Melissa kriegt alles im Berlin, Deutsches Theater

Pollesch kriegt alles

Pollesch, ähm Melissa, kriegt alles?“, ja stimmt! Dem bekannten Theatermann René Pollesch werden die Theatertextaufträge in Berlin auch mal von „Mann zu Mann“ gereicht, auch wenn die Qualität des individuellen Textes von Zeit zu Zeit eher „rite“ denn „summa cum laude“ ausfällt.

So geschehen nun im Deutschen Theater. Da hat man die Pforten wieder geöffnet, jede zweite Sitzreihe ist Corona-konform ausgehebelt, so dass man gut Platz hat, um Polleschs Zeilen zu inhalieren.

Melissa kriegt alles“ heißt der Text Polleschs, in dem „Ray“, „Frenchy“, „Sally“, „Pawel“, „Alfie“ und „Roy“ auftreten - das alles vor einem durchaus ansehnlichen Bühnenbild. Ein russisches Puppenstübchen, Hammer und Sichel, schwarz auf weiß die Tapete, und davor bunte Barbie-Möbel geben die Folie ab, vor dem das neo-marxistische Kauderwelsch runter gerattert wird.

Klar doch, der eine oder andere liebt Polleschs larmoyanten Ton und seine Vorliebe, Theaterinsider aneinander zu reihen. Dem einen oder anderen fällt jedoch schon mal die Strichliste während der Aufführung vom Schoß, wenn zum zehnten Mal der Name „Brecht“ fällt.

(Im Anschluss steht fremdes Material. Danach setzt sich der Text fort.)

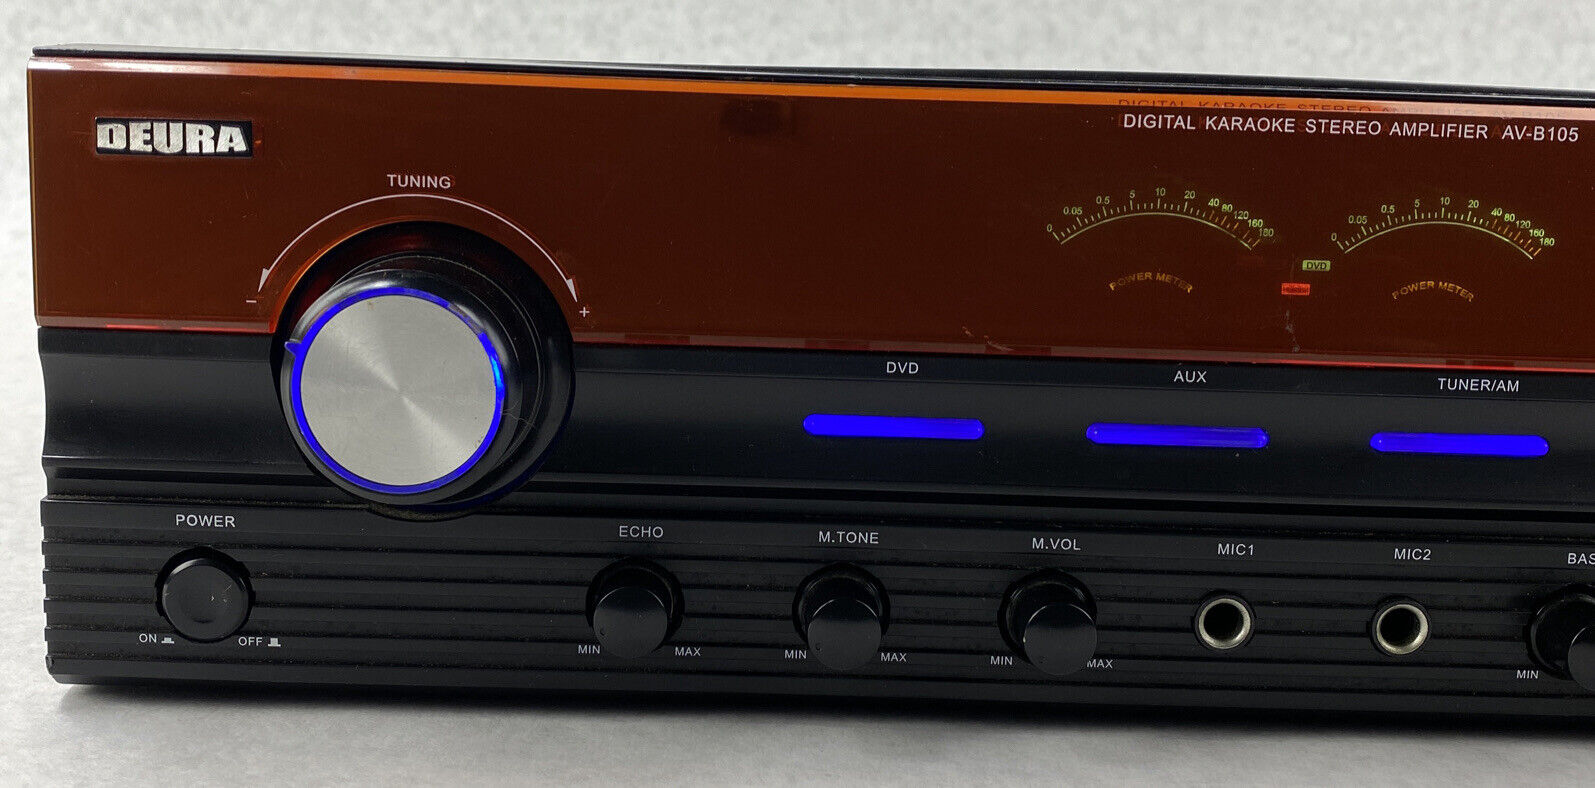 Deura AV-B105 Digital Karaoke Stereo Amplifier

Herrje, gibt es denn wirklich so wenige zeitgenössische Autorinnen und Autoren, dass man den lieben Brecht immer wieder aus der Mottenkiste ziehen muss? Und wirklich ins Ironische dreht der Regisseur Pollesch seinen eigenen Text dann auch nicht. Und überhaupt: Warum müssen Autoren dann auch noch Regisseure sein - zumal für ihren eigenen Text?

Na klar, bestenfalls kann man es als „selbstironisch“ durchgehen lassen, wenn Martin Wuttke als marxistischer Wurzelsepp die Bühne betritt. Beau Jeremy Mockridge vergisst gegen Ende der Aufführung ab und zu die ausufernden und nicht immer brillanten Zeilen - aber wenigstens prangt ein roter Stern hinten auf seiner weißen Hose. Die sechs Schauspieler - in weiteren Rollen: Kathrin Angerer, Franz Beil, Bernd Moss und Katrin Wichmann - scheinen sich bereitwillig in Pose zu werfen. Ab und zu fallen die Wände zu Boden. Dann werden sie wieder hochgehievt. Es wird über die Revolution schwadroniert und notdürftig der eine oder andere aktuelle Verweis zitiert.

Regisseur Pollesch lässt die R&B-Sängerin Beyoncé aus dem Off trällern. Klingt ja gut. Aber war die nicht mal vor zehn Jahren „in“?